THE ACUTE AND CHRONIC cardiovascular and metabolic responses to low arterial PO2 (PaO2) during exercise are well documented. In contrast, the responses to low arterial O2 content (CaO2) due to an acute lowering of hemoglobin concentration ([Hb]) are much less studied, which is surprising in view of how common anemia is in the world today.
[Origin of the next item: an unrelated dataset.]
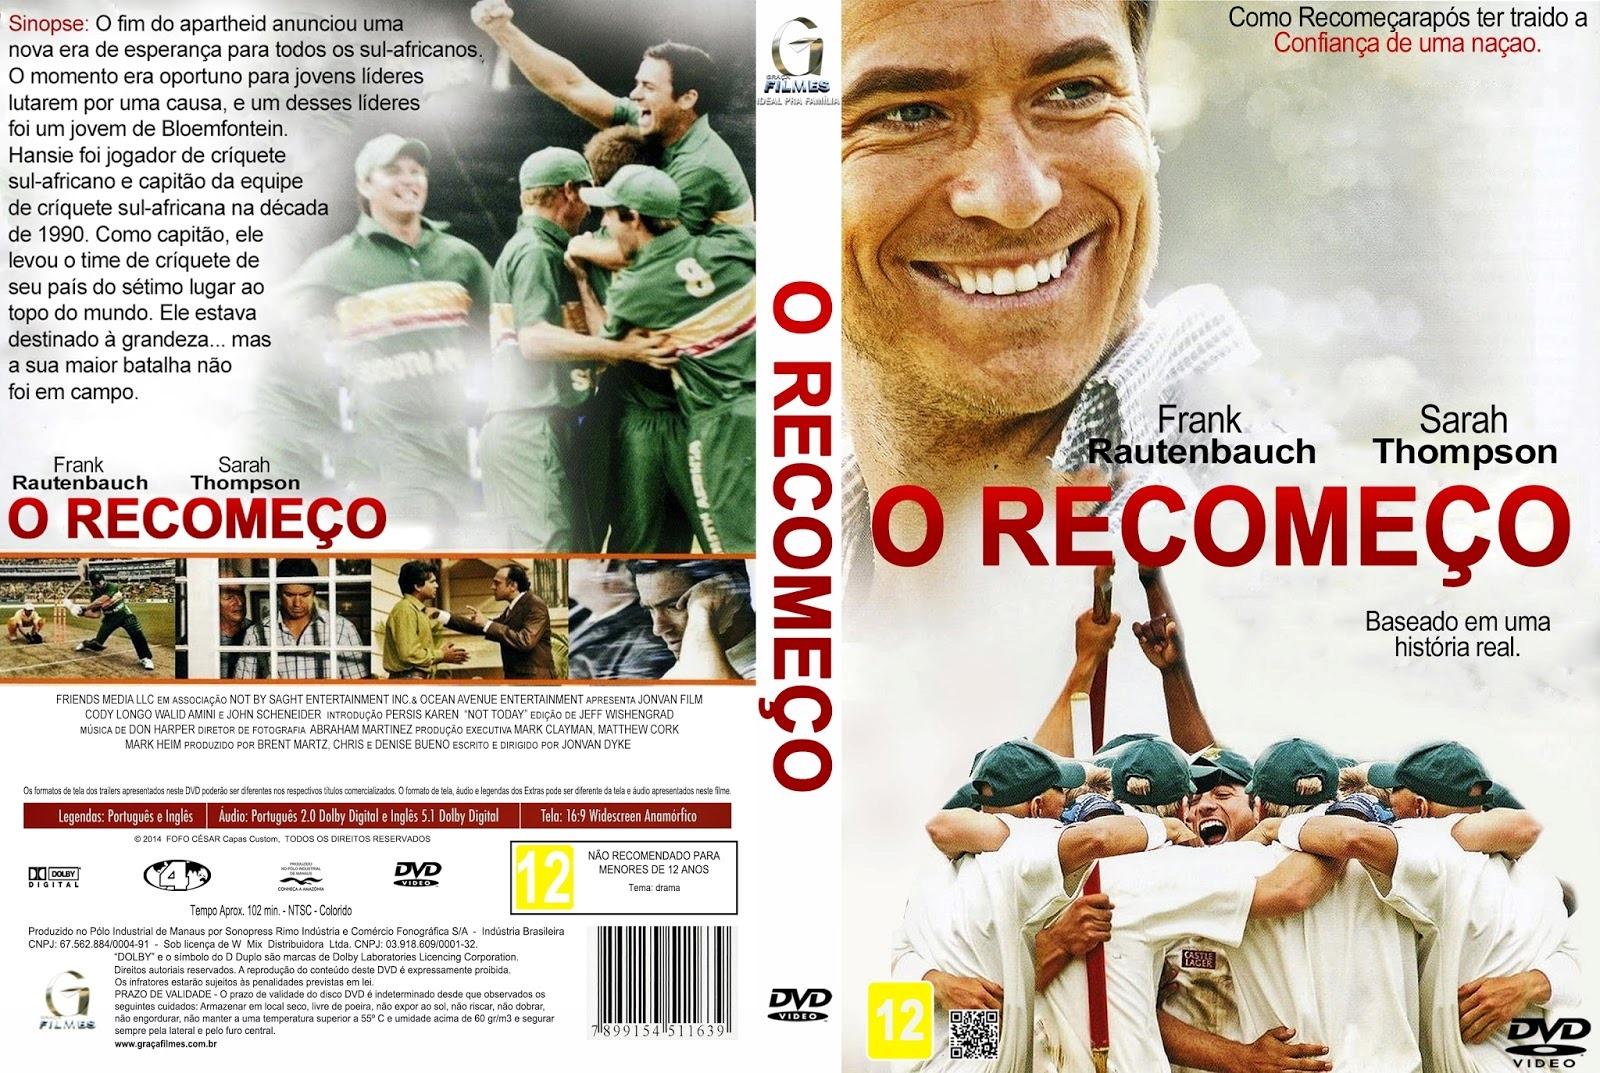 O Recomeço DVD-R O 2BRecome 25C3 25A7o 2BDVD R 2B  2BXANDAODOWNLOAD
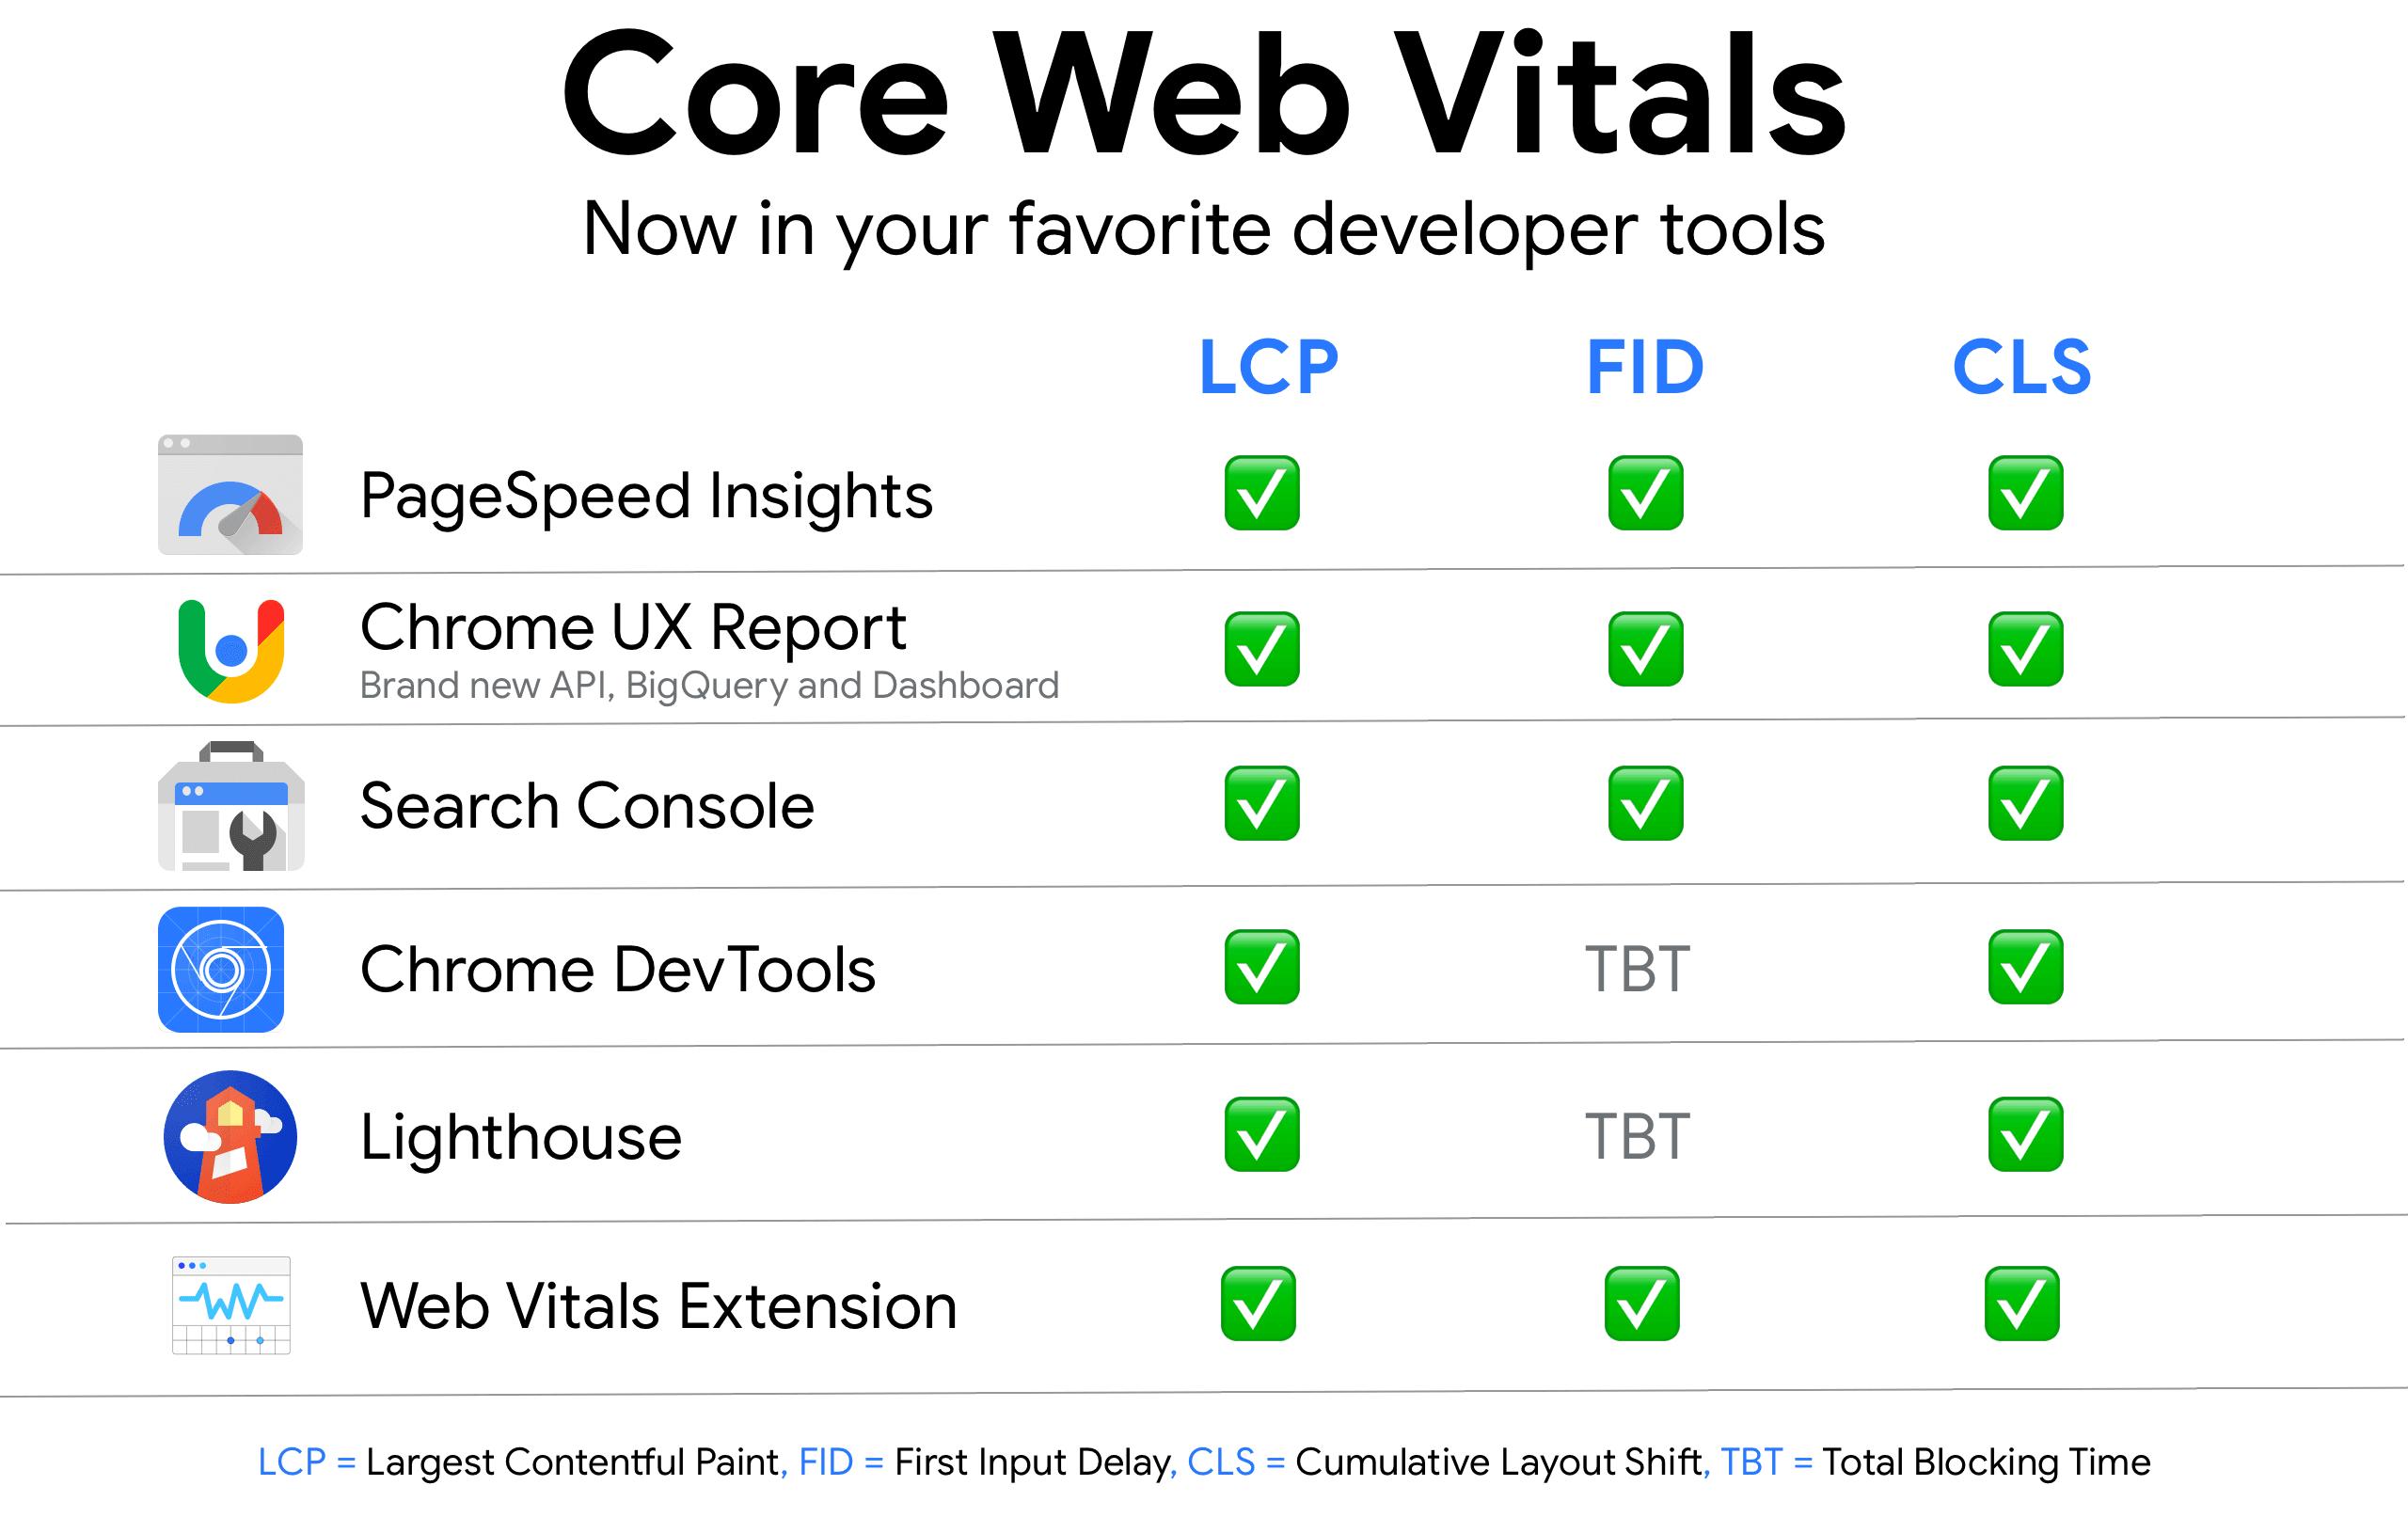 Ferramentas Web Vitals

Maximal cardiac output (CO) during exercise in acute anemia is not elevated or not elevated to an extent to compensate for the impaired O2 delivery (3, 16). At submaximal work, CO is elevated and partly compensates for the impaired O2 delivery (3, 16). No studies are available on the regional responses to acute anemia during work. In a collection of cases with a range of [Hb] levels, summarized in the proceedings of a conference honoring Lars Hermansen (13), there were indications that the low CaO2 was countered at submaximal exercise by an increase in muscle blood flow, so that O2 delivery was maintained. At peak exercise, a final conclusion could not be reached. In at least two cases, there was a suggestion of increased blood flow at peak exercise that, in part, maintained O2 delivery. This notion is supported by the classic study of Sproule et al. (15) on cardiovascular function during exercise in chronic anemic patients as they reached very high CO levels at low peak power outputs. Chronic anemia may have induced adaptations on the systemic as well as on the cellular level, obscuring effects of low [Hb] per se. Thus the question remains of how O2 delivery is maintained on the regional level in response to an acute reduction in [Hb]. The hypothesis is that compensation occurs with an elevated muscle perfusion matched by an equal increase in CO or by reducing the blood flow to nonexercising tissues and organs. We further hypothesize that, in contrast to hypoxia, in acute anemia limb blood flow (LBF) is increased at peak exercise with small muscle mass exercise.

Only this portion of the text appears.